Please restate each line of the data below exactly. Omit all images.

-- Data excerpt --
• • • •
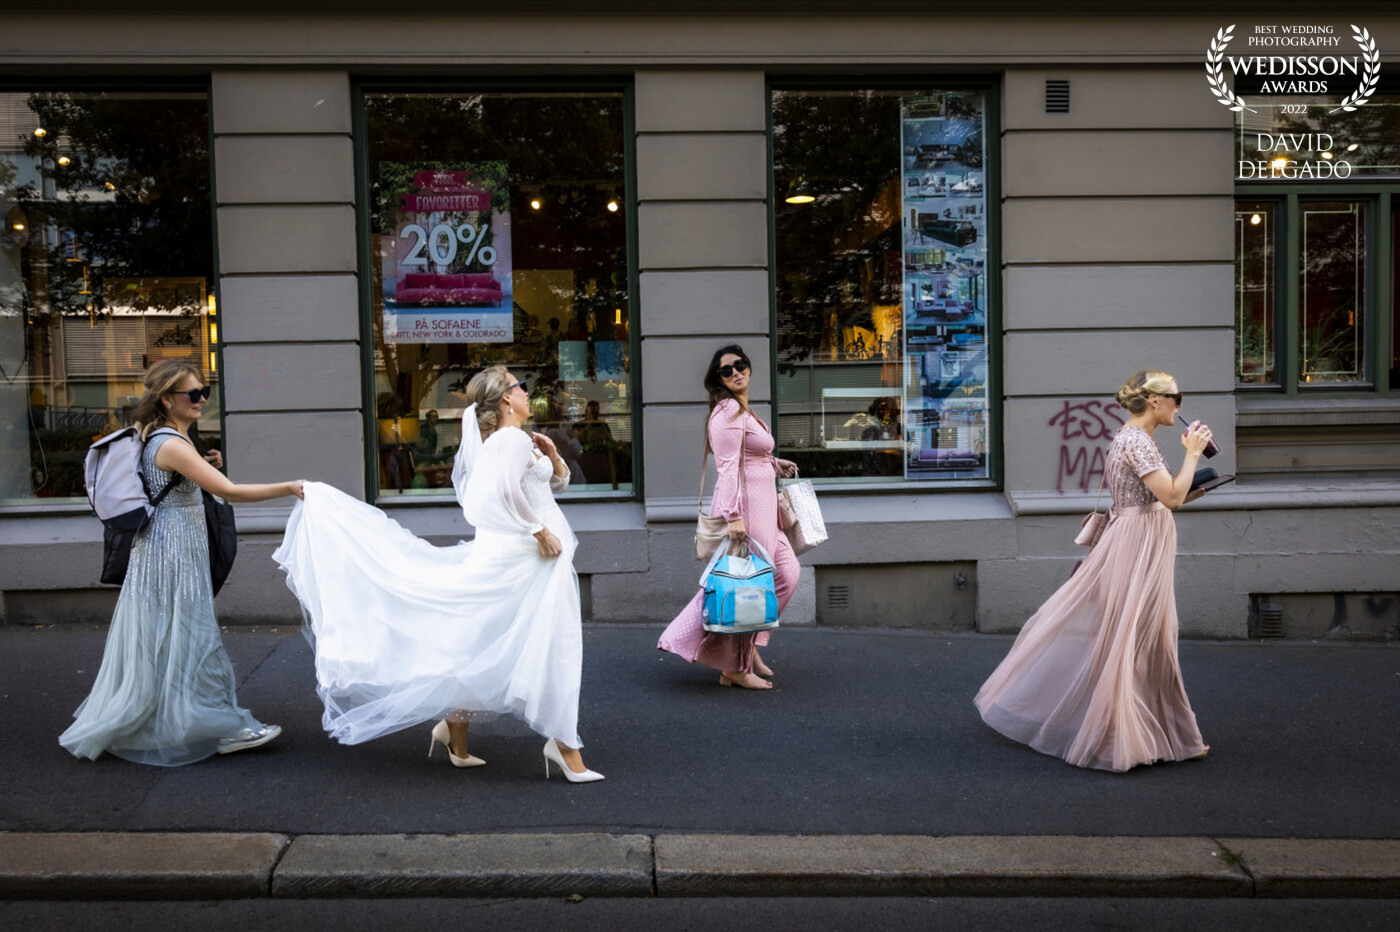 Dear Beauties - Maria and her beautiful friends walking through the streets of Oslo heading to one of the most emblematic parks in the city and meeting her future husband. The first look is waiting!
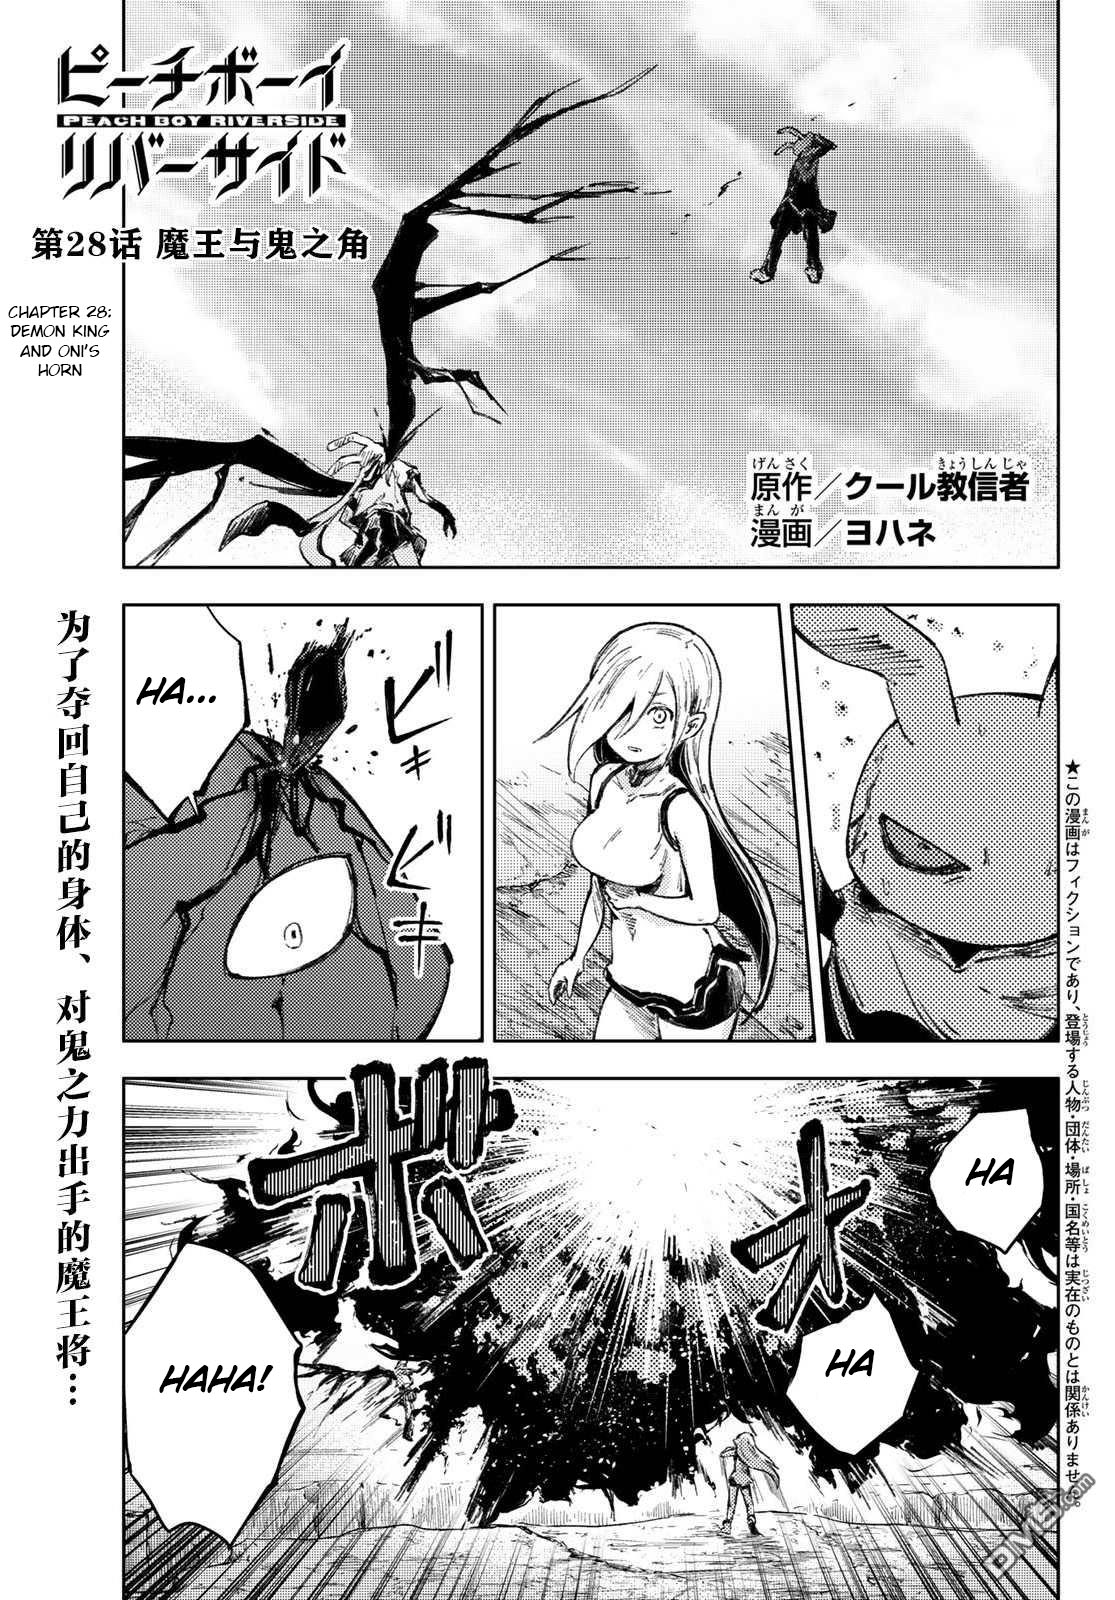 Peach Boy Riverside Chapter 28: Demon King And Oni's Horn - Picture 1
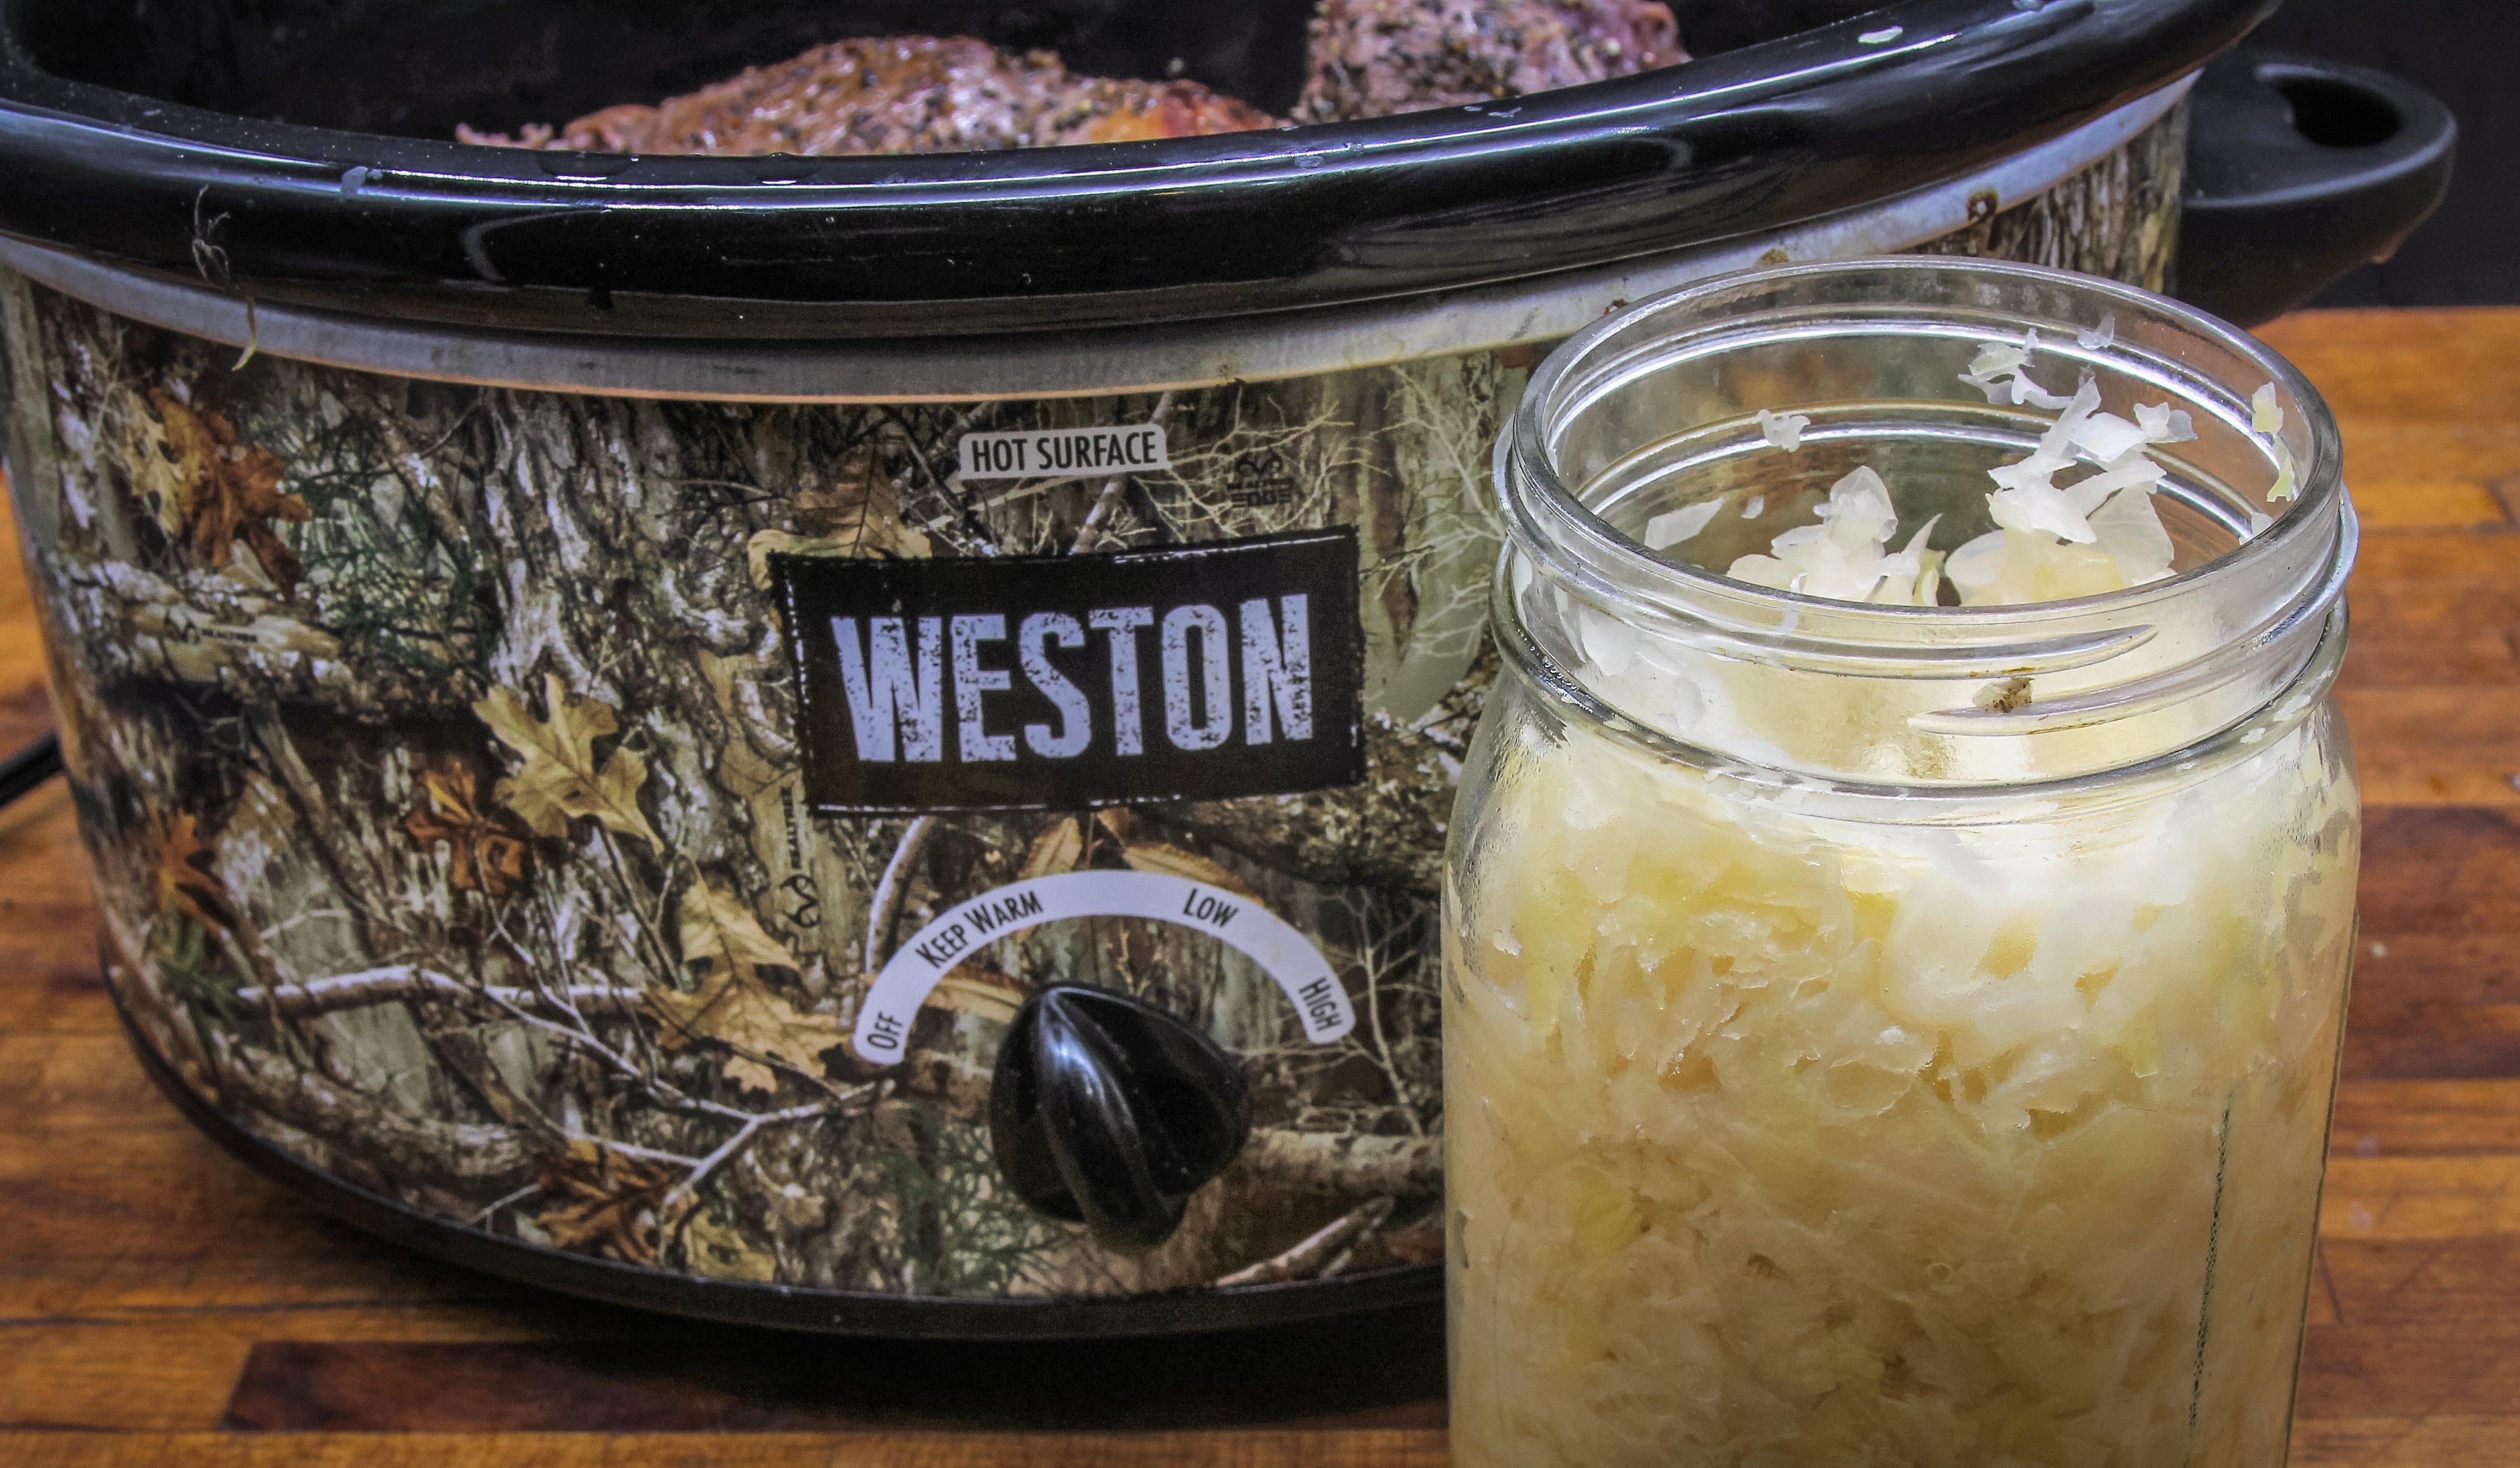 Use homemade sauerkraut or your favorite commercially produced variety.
• • • •
-- Written solution --
 Dear Beauties - Maria and her beautiful friends walking through the streets of Oslo heading to one of the most emblematic parks in the city and meeting her future husband. The first look is waiting!
 Peach Boy Riverside Chapter 28: Demon King And Oni's Horn - Picture 1
 Use homemade sauerkraut or your favorite commercially produced variety.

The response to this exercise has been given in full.